= Release management =

Process of software building

Common names of versions during different stages in software development

Release management is the process of managing, planning, scheduling and controlling a software build through different stages and environments; it includes testing and deploying software releases.

==Relationship with processes==

Organizations that have adopted agile software development are seeing much higher quantities of releases. With the increasing popularity of agile development a new approach to software releases known as continuous delivery is starting to influence how software transitions from development to a release. One goal of continuous delivery and DevOps is to release more reliable applications faster and more frequently. The movement of the application from a "build" through different environments to production as a "release" is part of the continuous delivery pipeline. Release managers are beginning to utilize tools such as application release automation and continuous integration tools to help advance the process of continuous delivery and incorporate a culture of DevOps by automating a task so that it can be done more quickly, reliably, and is repeatable. More software releases have led to increased reliance on release management and automation tools to execute these complex application release processes.
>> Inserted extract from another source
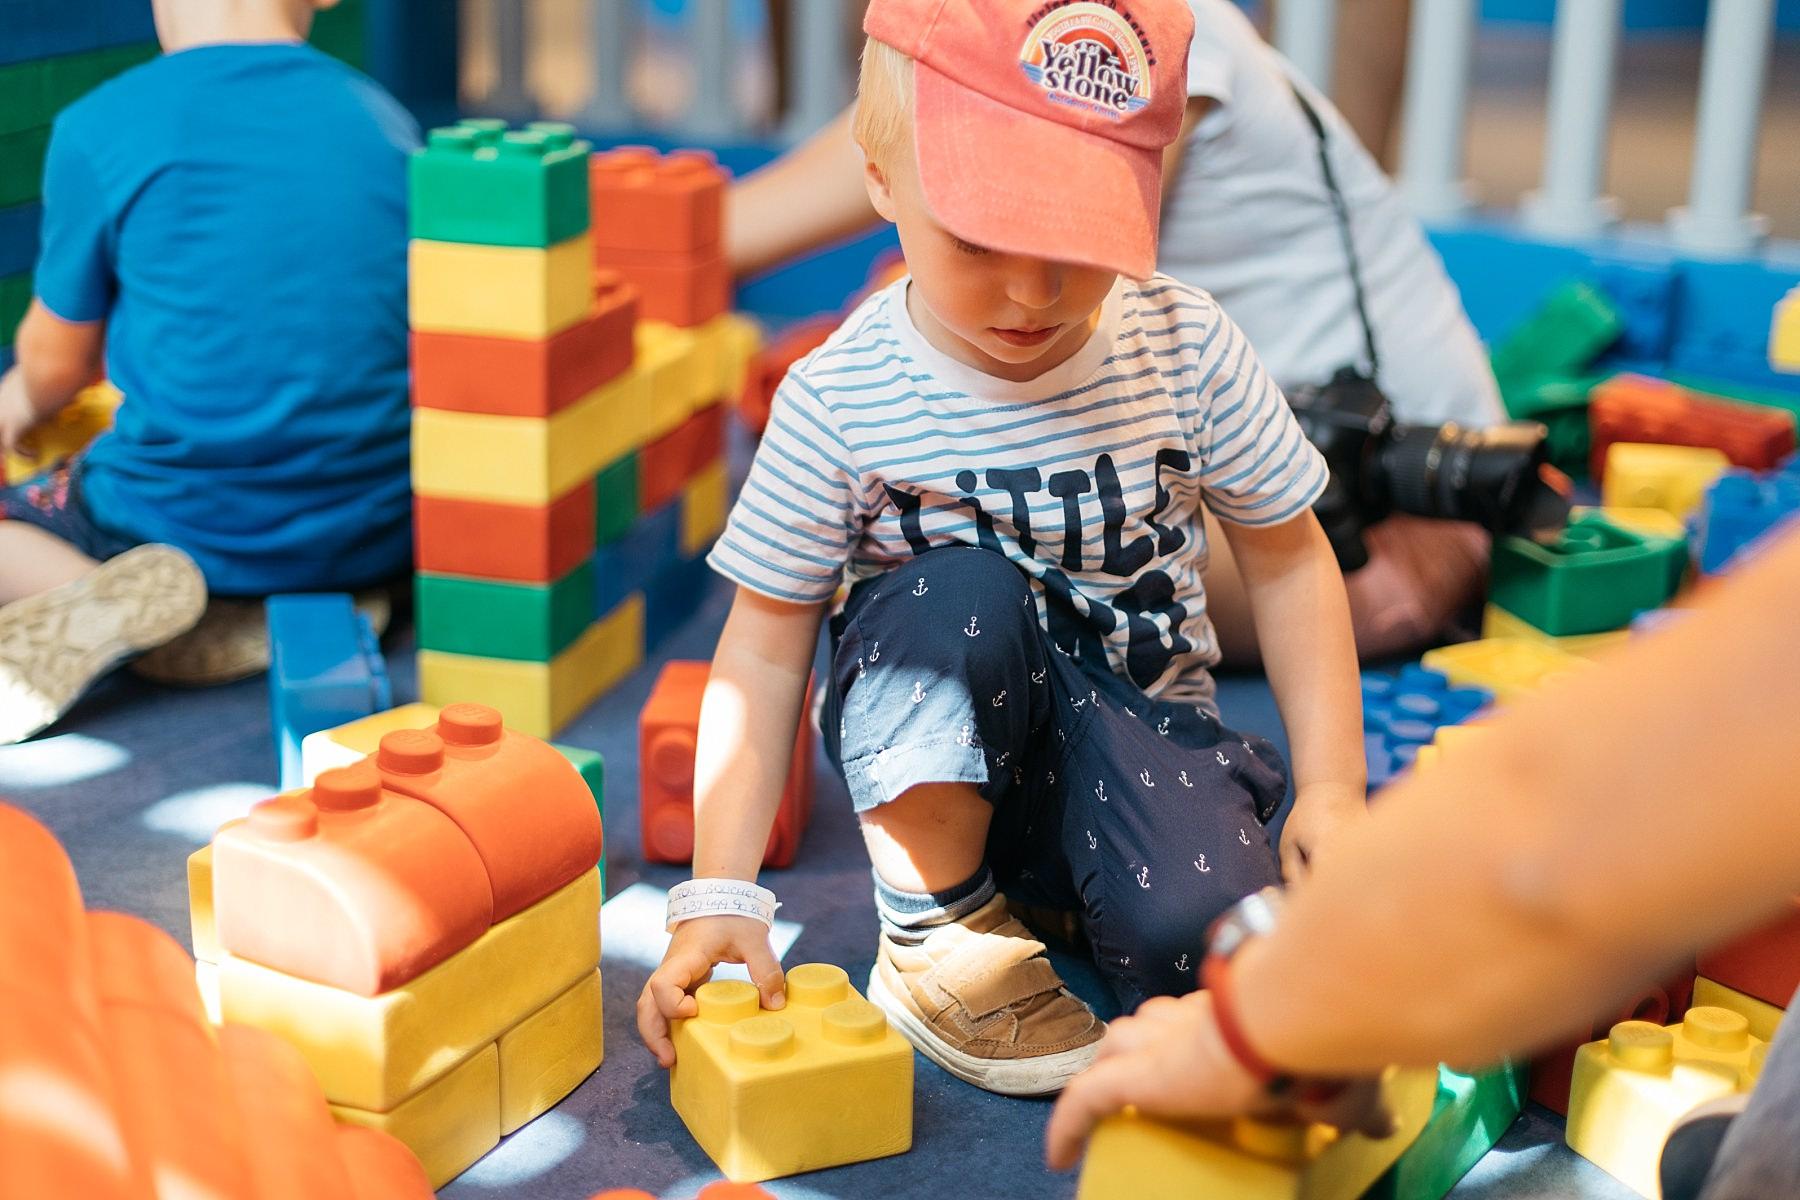 Legoland - 57 millions de briques Lego 18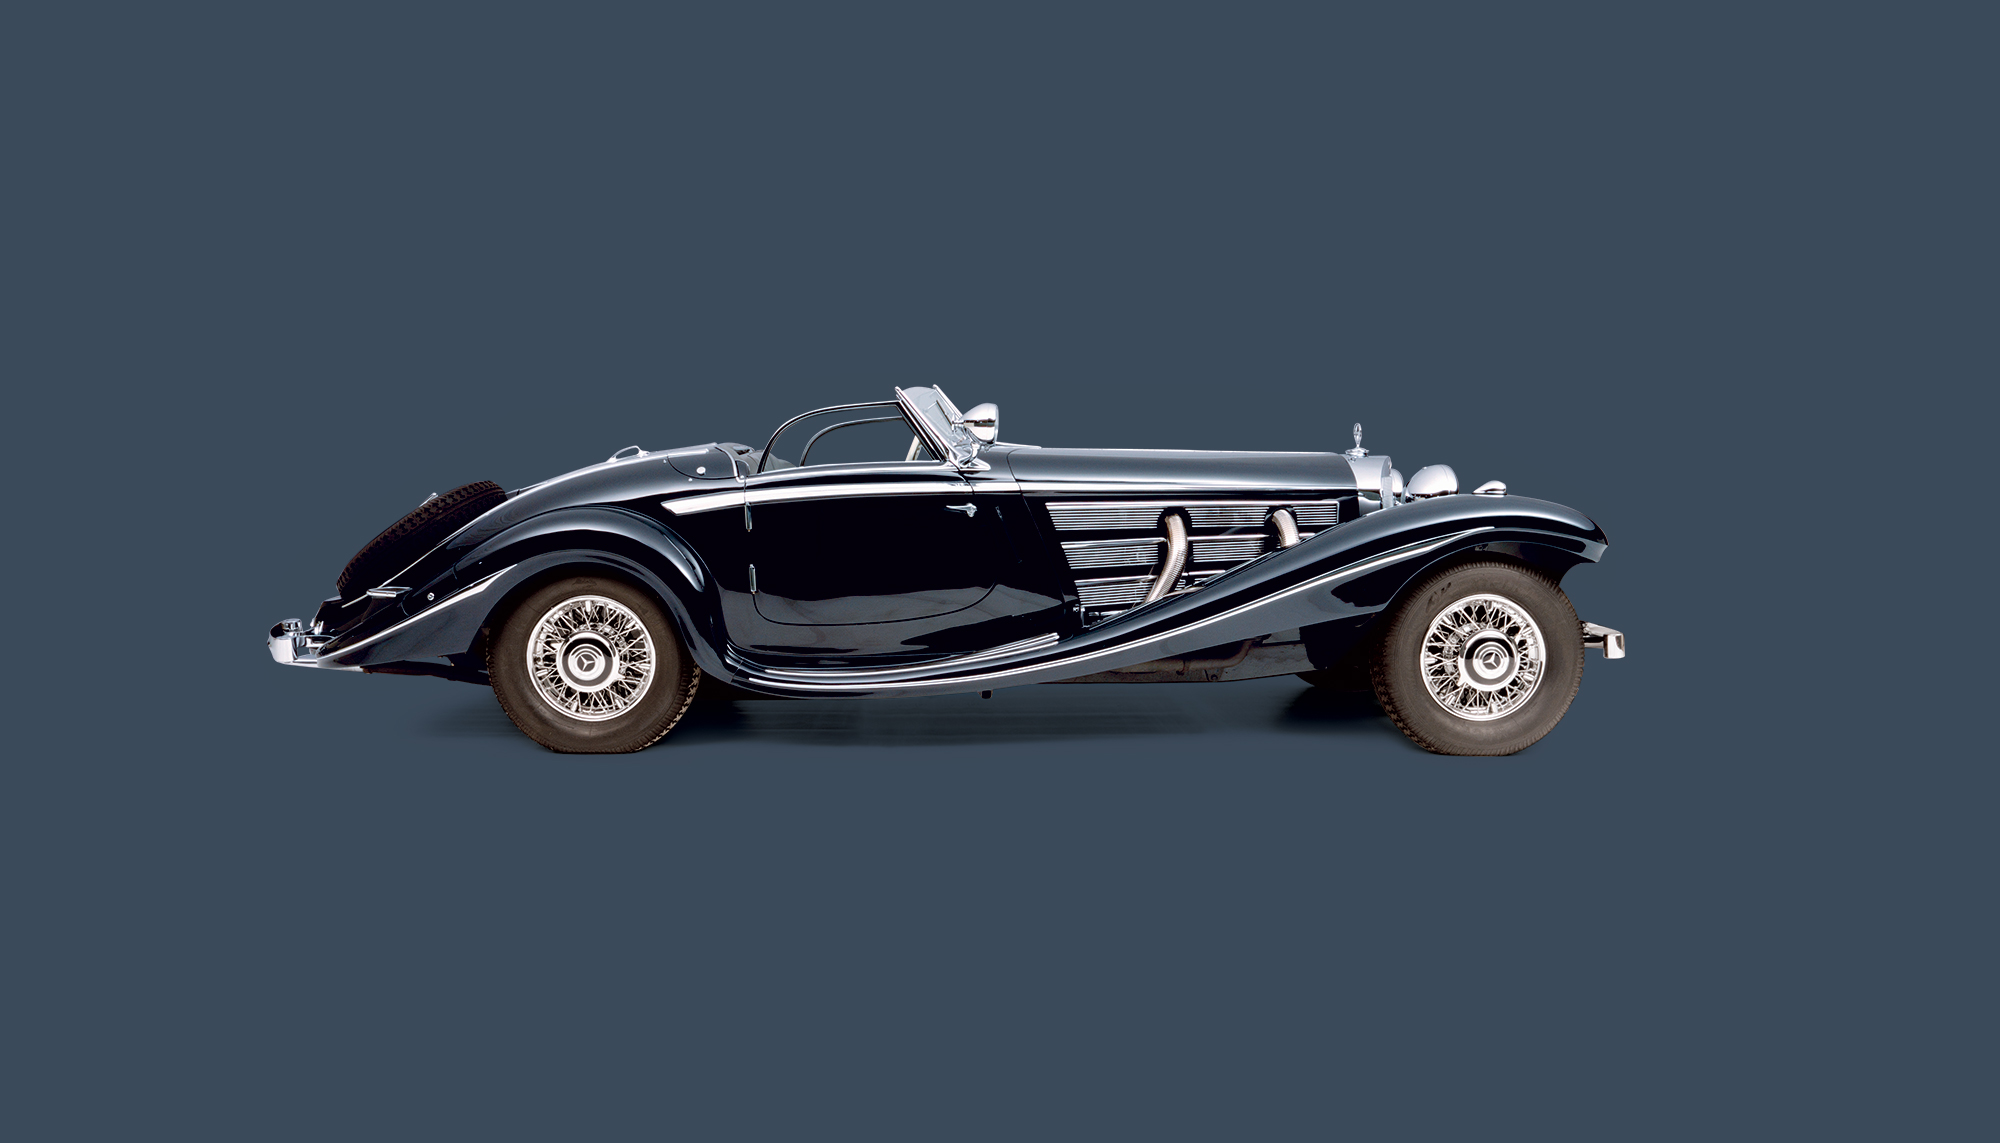 Bekijk Mercedes-Benz 500K Spezial Roadster in het Louwman Museum

== Relationship with ITIL/ITSM ==
In organizations that manage IT operations using the IT service management paradigm, specifically the ITIL framework, release management will be guided by ITIL concepts and principles. There are several formal ITIL processes that are related to release management, primarily the release and deployment management process, which "aims to plan, schedule and control the movement of releases to test and live environments", and the change enablement process. In ITIL organizations, releases tend to be less frequent than in an agile development environment. Release processes are managed by IT operations teams using IT service management ticketing systems, with less focus on automation of release processes.